Posted 18 February 2013 - 03:51 PM

The fact you believe it can even be a possibility is ludicrous. [...] And then you say the movies would be part of the conspiracy ? Laughable.

Well, that is somewhat of a distorted way of putting it, but what's really scary is that you're almost fanatic about not letting the slightest possibility it might be something different than what it looks like at first sight.

What I've said is that all you have is "some videos" on youtube. They may be fake (or edited, or whatever), or they may be "genuine" insofar as they're something people really saw on the sky and recorded. However, "something" genuinely recorded may not be the same "something" that you or someone else thinks.

Although it looks like a meteor and probably is one, that "genuine something" may still be something completely different, and you have no base to prove it, other than "but it looks like...".

About 2030 years ago, one particular government had all the first borns killed when they saw a falling star. This should be enough reason to not blindly follow the first convenient explanation and dismiss everything else without even a thought. Only because someone says it is an omen, that needs not be. Only because someone says it's a meteor, that needs not be either.
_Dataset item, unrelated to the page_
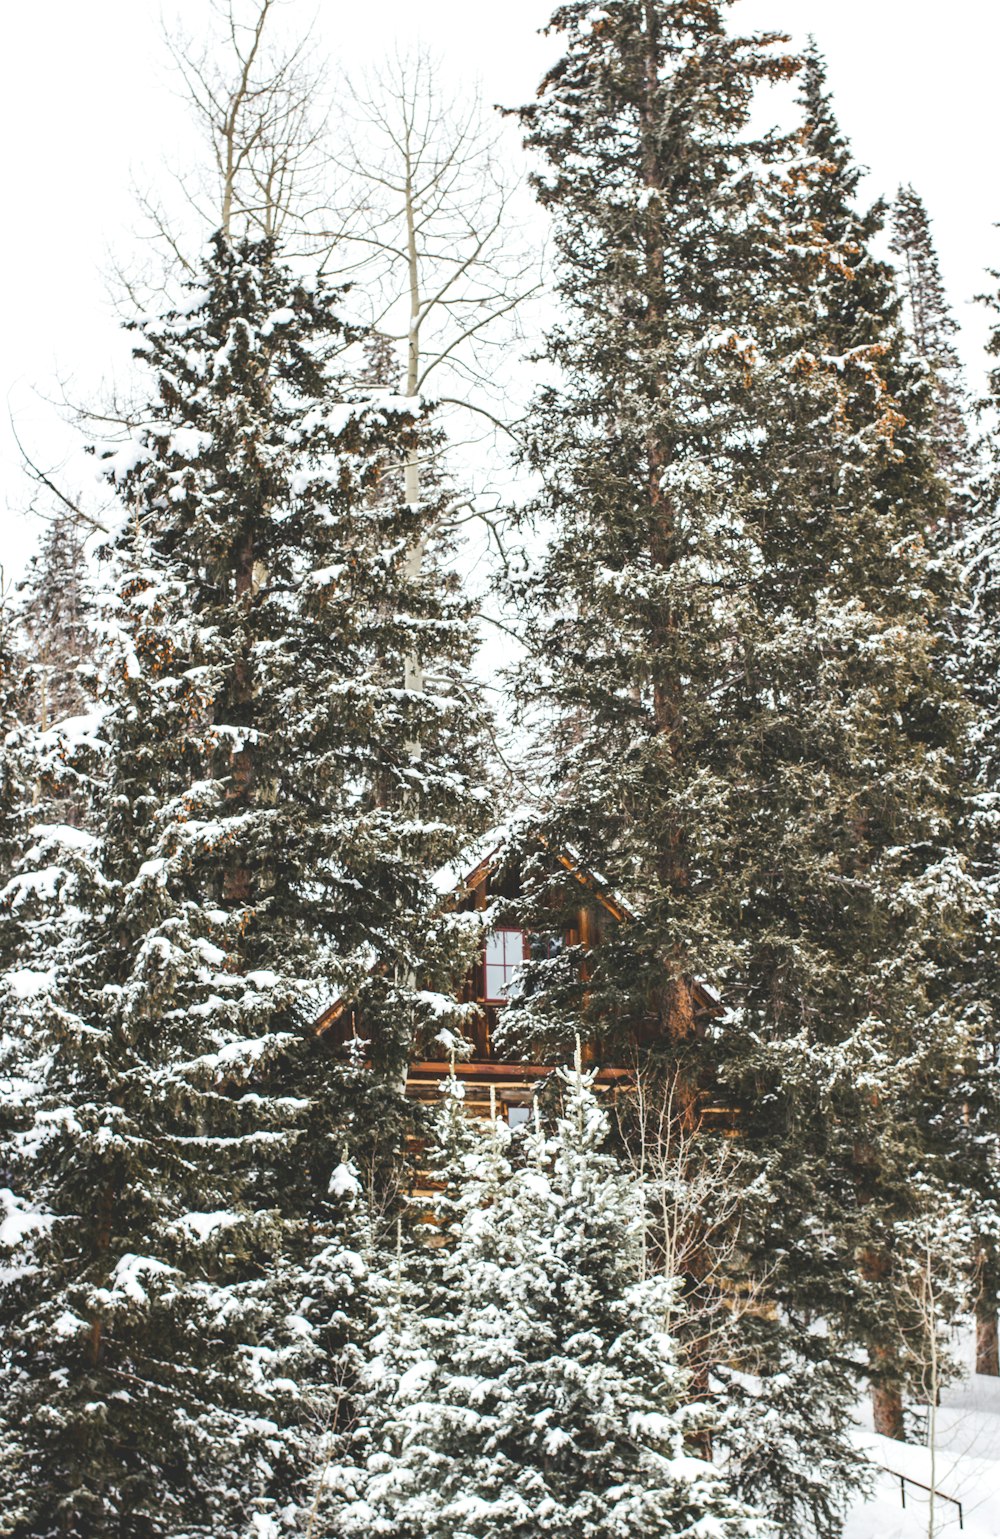 Fotografía de una casa marrón rodeada de verdes árboles del bosque

Mr. Zhirinovsky seems to be convinced that the phenomenon was an US nuclear missle because Mr. Kerry was pissed off by something. Or so he said in his speech. Whatever. Now don't concentrate on how disturbed this is or whether might be true. Just consider its immense propaganda value.
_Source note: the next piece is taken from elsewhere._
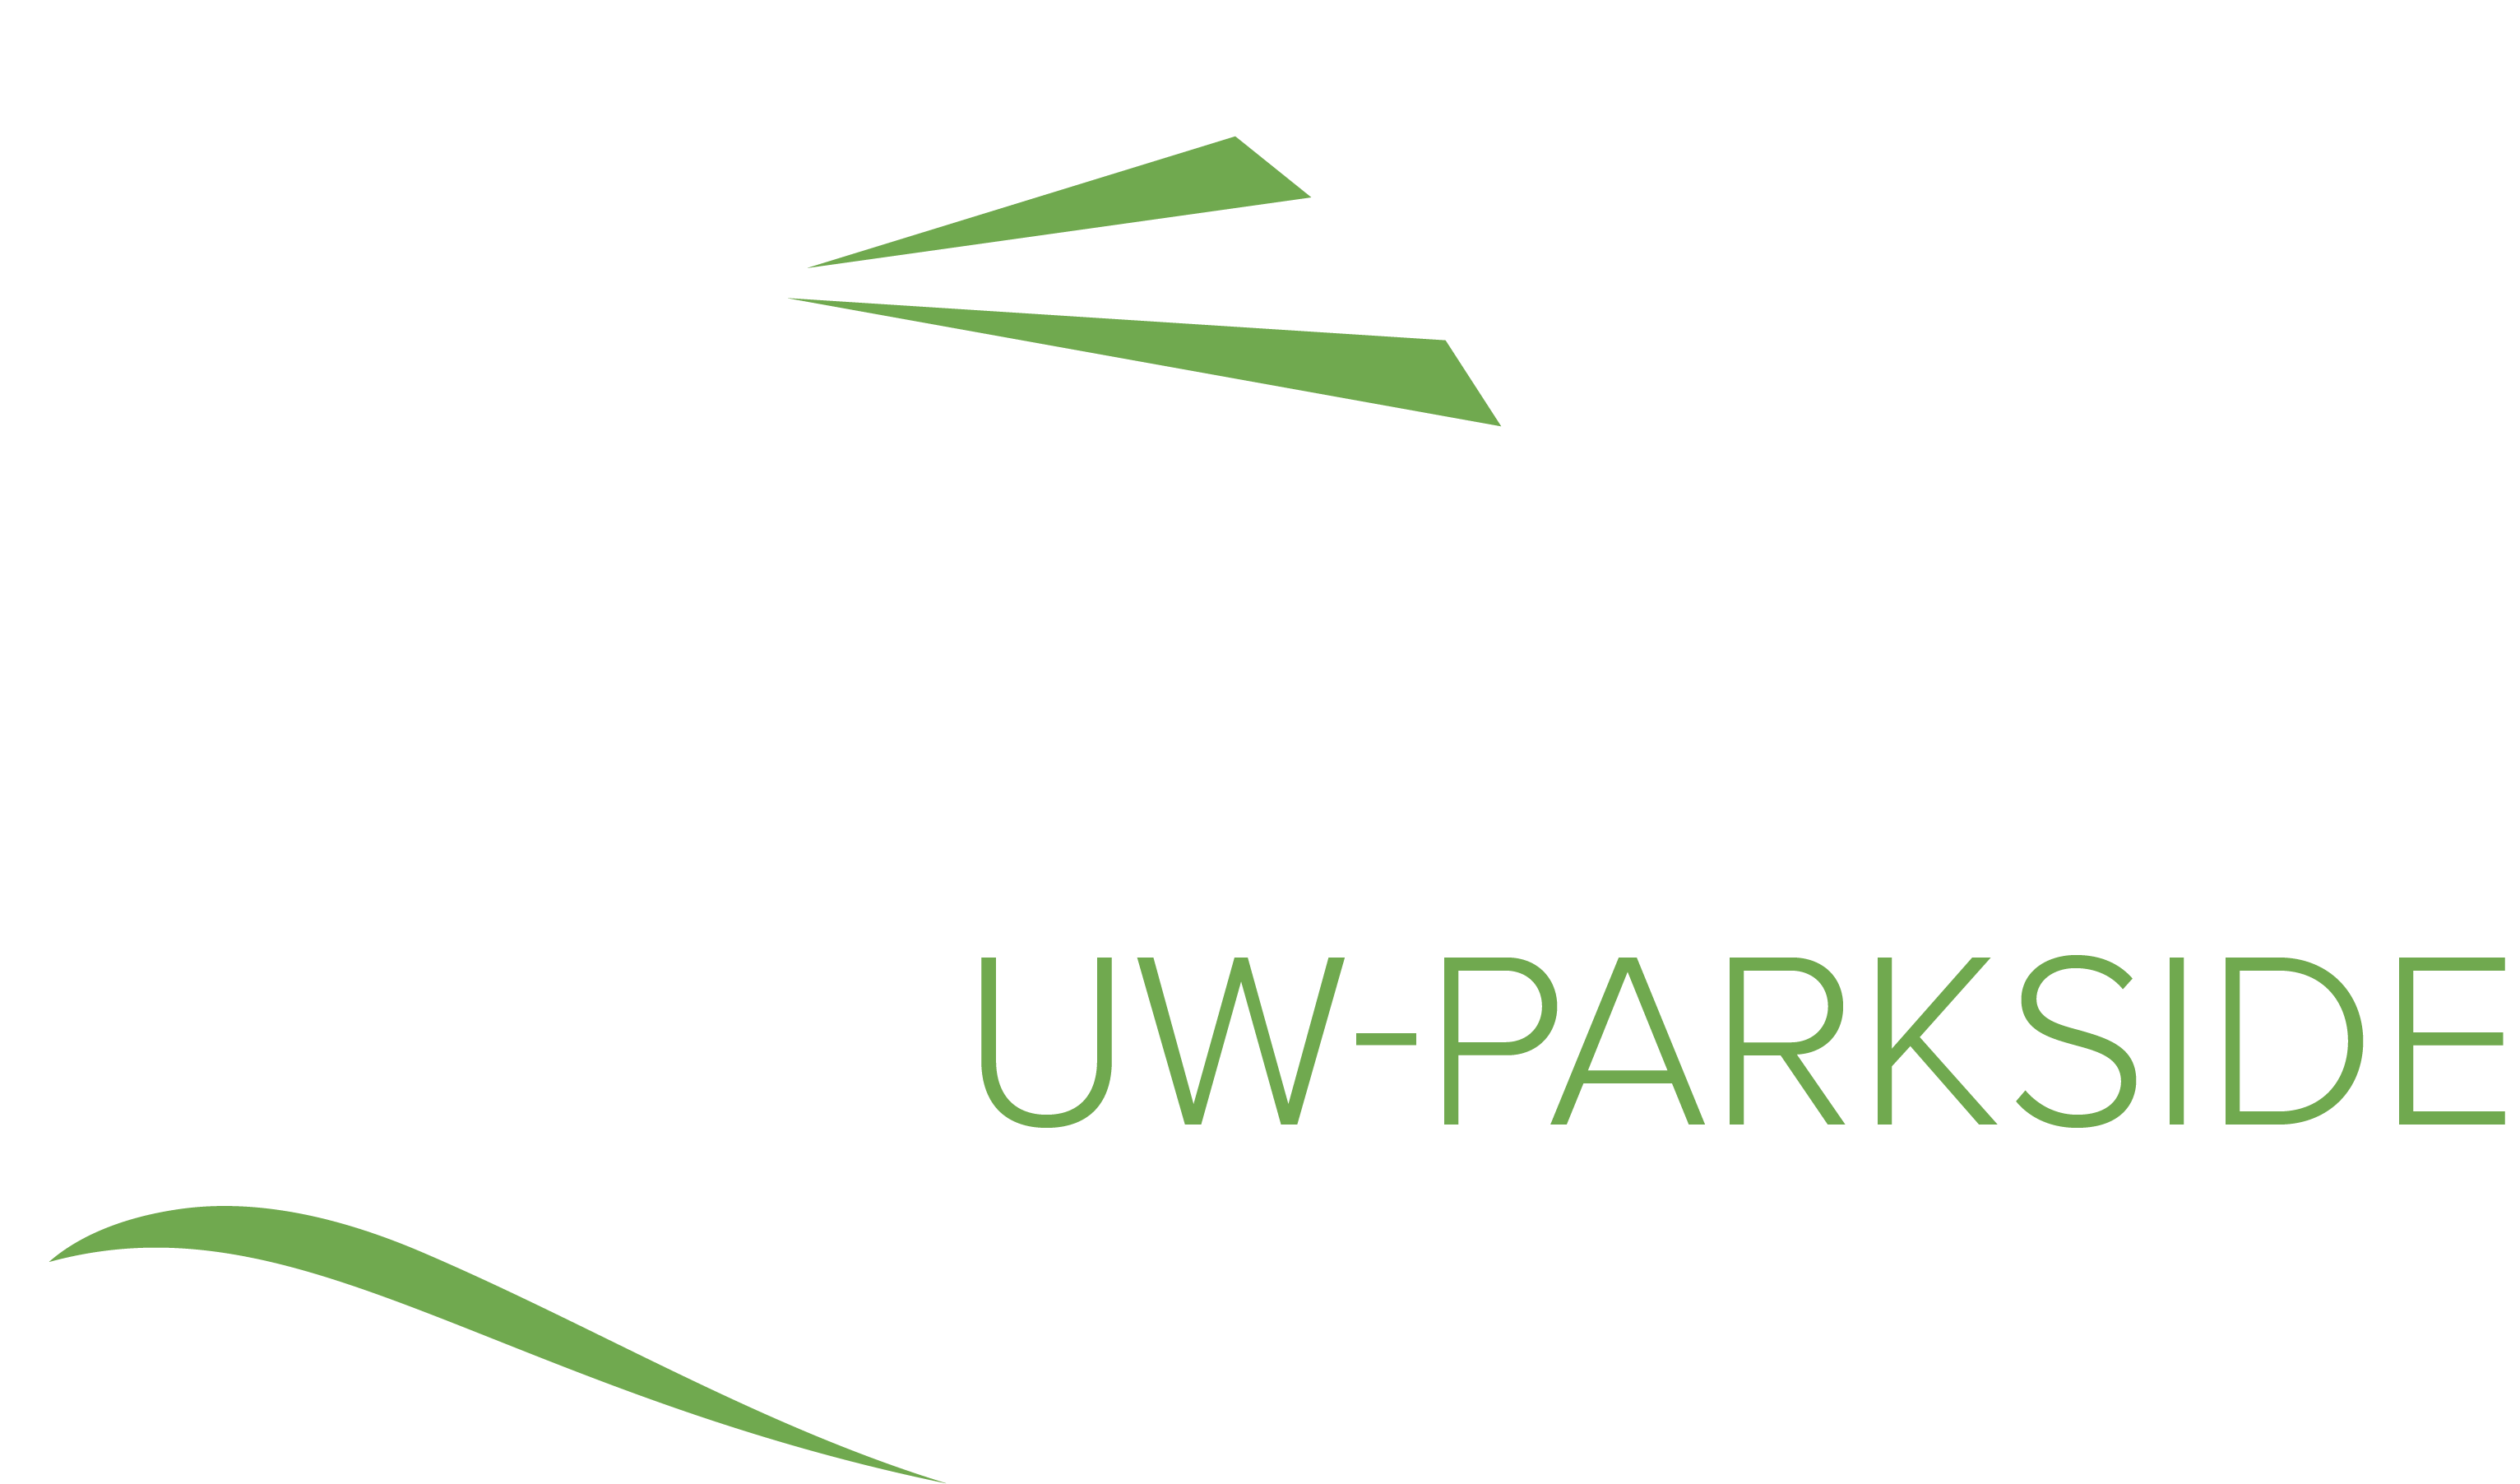 Navigate Parkside

And with that propaganda value in mind, you should at least deem it not impossible that an ultra-hardline nutter who likely has a way of getting hold of a nuclear missle (if you have some spare money, you got a bomb) detonates a missle in a sparsely inhabited area. It's not like Rome hasn't burned before. Nero did it, Hitler did it, and Bush did it -- why is it impossible and entirely laughable to consider that Zhirinovsky might. I'm not saying that he did, but it is a possibility.
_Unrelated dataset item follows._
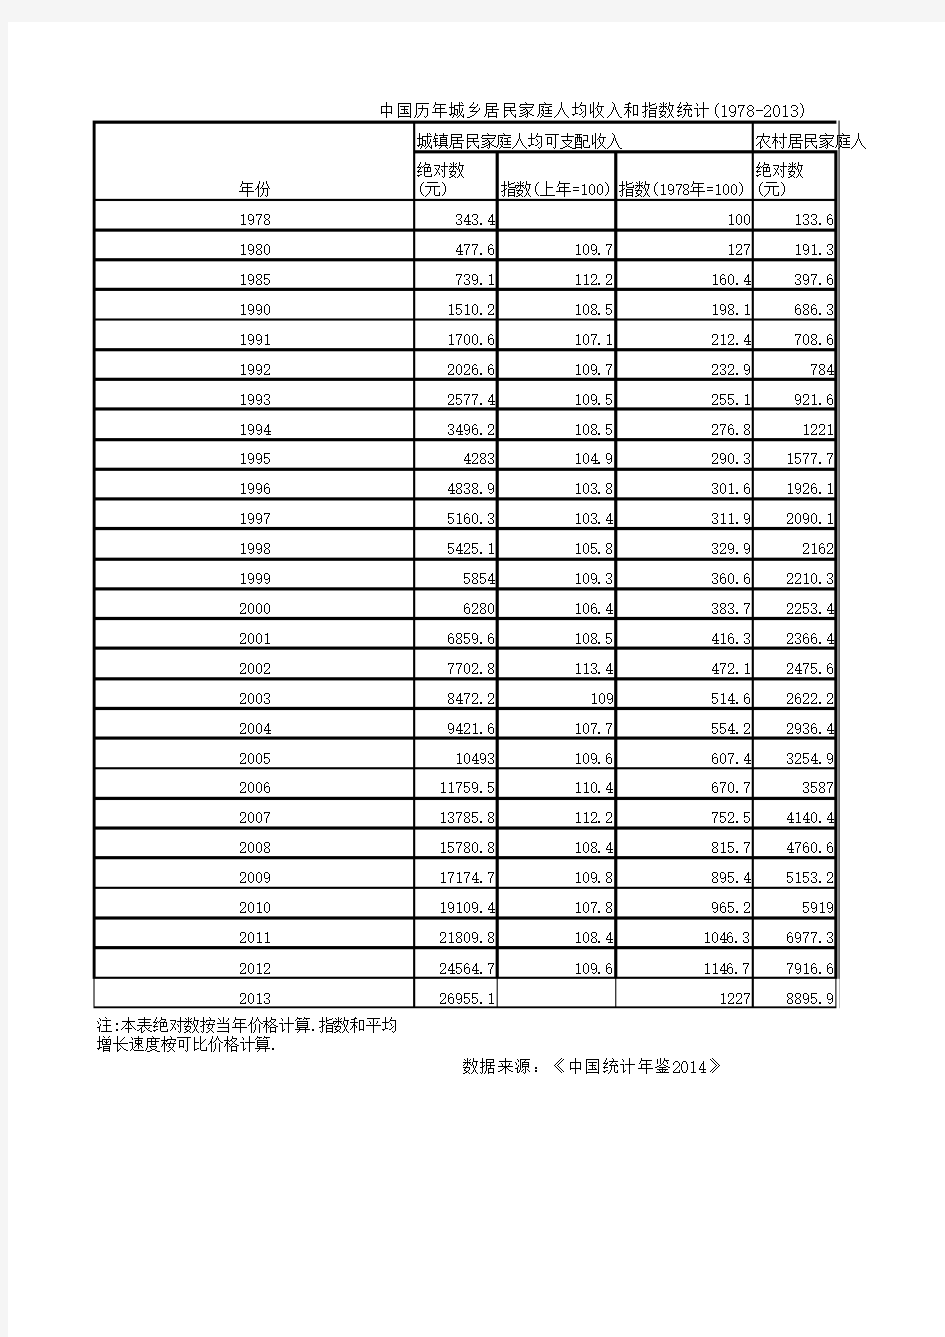 中国历年城乡居民家庭人均收入和指数统计(1978-2013)

Yesterday, it was said that the major part of the remains after the explosion fell into lake Cherbarkul (how convenient), and today some alleged tiny pieces have been found near the lake. Apparently someone found (or made) a 6 meter hole in the ice, too. Nice facts, so there's proof it was a meteor falling into the lake.

This reminds one of Nostradamus' prophecy. Something about a burning star falling from the sky and the Mediterranean Sea evaporating in 1999, remember? Oh wait, he's a couple of years late, and it's not quite the Mediterranean either. But hey, did someone say "evaporate"?

Vilem Otte calculated a kinetic energy of 1602TJ a few posts above. Let's assume that is the correct number, and assume that only 1% of this was left in the big piece falling into the lake afterwards. In the car video, what came after the boom still looked "quite big", so that's probably a conservative assumption.

This meager 1% is still the equivalent of heating 4 million cubic meters of water by 1°C, or alternatively, making 41,000 cubic meters of 4°C cold Lake Cherbarkul evaporate (that's approximately one third of the lake!). I didn't see a huge mass of steam rise from the ground in the videos, did you? I didn't read about hundreds of people getting burns in hot steam, nor about a flood wave destroying houses near the lake, did you?

Surely the meteor must have stopped moving by now. Where did the energy go?